SAN MARINO, Calif. (AP) — The Nuremberg Laws, the documents that took away Jews’ rights to German citizenship and laid the groundwork for the execution of 6 million people during the Holocaust, were turned over to the National Archives on Wednesday.
The Huntington, a sprawling complex of libraries, museums and botanical gardens located in the rolling hills of this wealthy Los Angeles suburb, has had charge of the original papers since Gen. George Patton quietly deposited them there at the end of World War II.
Patton, who disobeyed orders by taking the papers out of the Germany, grew up in San Marino and was friends with the family of Henry Huntington, the California railroad baron who carved The Huntington out of the grounds of his estate.
U.S. Archivist David Ferriero said he hopes to put the papers on display in Washington, D.C., by Sept. 15, the 75th anniversary of their signing by Adolf Hitler.
The Huntington turned over two sets of the laws, each four pages long and signed. They are the only ones known to exist. One set, which appeared to be in mint condition, was displayed at a news conference where they were formally handed over.
“The National Archives is the country’s leading research library,” Huntington President Steve S. Koblik told reporters. “We were very proud to be able to hand over the documents in pristine condition.”
The papers, which among other things rescinded the citizenship of German Jews and forbid them to marry non-Jews, are the only original pieces of Nuremberg war crimes trial evidence missing from the Archives’ collection, said National Archives spokeswoman Susan Cooper.
Holocaust scholars have described them as priceless, saying they provide an outline of the beginnings of a movement that led to the Nazi genocide.
Although the laws didn’t directly call for the execution of Jews, they laid the groundwork for that, several scholars said, by marginalizing a group of people, turning them into second-class citizens.
“It’s important to our understanding of genocide that genocide is always a process,” said Stephen Smith, executive director of the University of Southern California’s Shoah Foundation Institute, which documents evidence of the Holocaust.
“That was not an order to murder the Jews, it was an order to exclude them from participation in society,” Smith said of the Nuremberg Laws. “Once you start excluding a group for whatever reason you are on the path to the ultimate exclusion.”
The papers were given to Patton by U.S. soldiers who found them in a German bank vault. He should have passed them on to investigators compiling evidence to be used during Nazi war crimes trials held in Nuremberg after the war, said Greg Bradsher, director of the Holocaust records section of the National Archives. Instead, prosecutors used photocopies.

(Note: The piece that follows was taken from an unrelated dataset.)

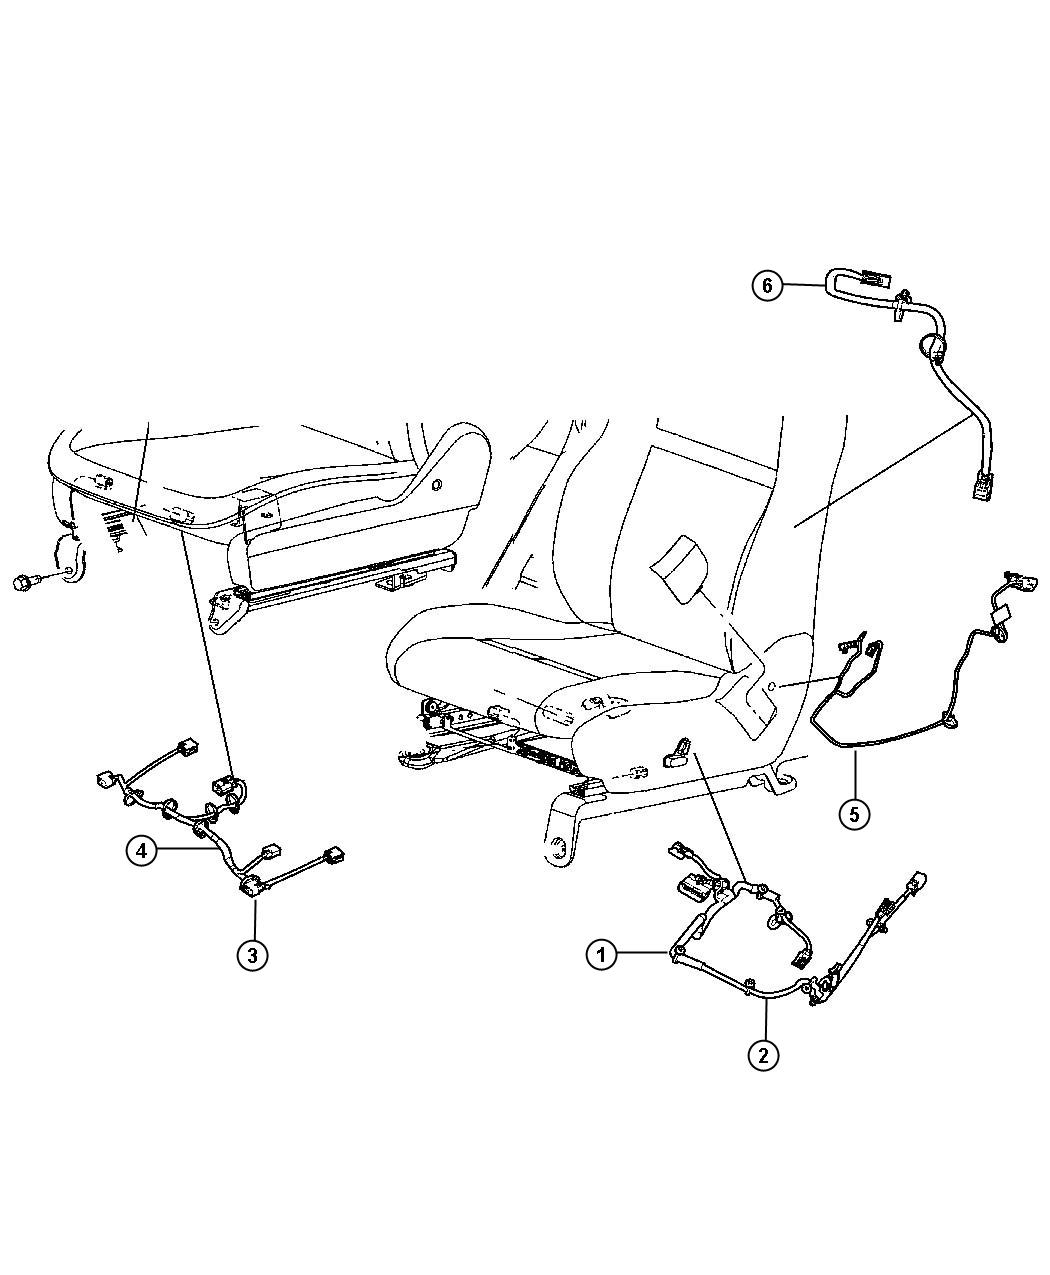 Dodge Grand Caravan Wiring. Power seat, seat. Trim: [lux

“But it certainly would have been more dramatic and effective to have confronted the defendants with the originals,” Bradsher said.
Patton, a notorious war souvenir hunter, also brought back Nazi helmets and daggers and a pristine copy of Hitler’s autobiography “Mein Kaumpf.” He donated the latter to The Huntington in memory of his father, but Koblik said Patton never specified what to do with the Nuremberg Laws.
“He said when he returned he would decide,” Koblik said. Months later, in December 1945, he died of injuries suffered in a traffic accident.
The Huntington kept the papers in a bombproof vault for decades before lending them to Los Angeles’ Skirball Cultural Center in 1999. The center, whose mission is to promote Jewish culture and heritage, returned them last year, and Huntington officials decided to pass them on to the National Archives.
The Huntington, known for such treasures as its priceless Gutenberg Bible and early editions of the works of Shakespeare and Chaucer, never put the papers on display.
“For us to keep the Nuremberg Laws made little sense,” Koblik said. “We do not collect on 20th century Germany.”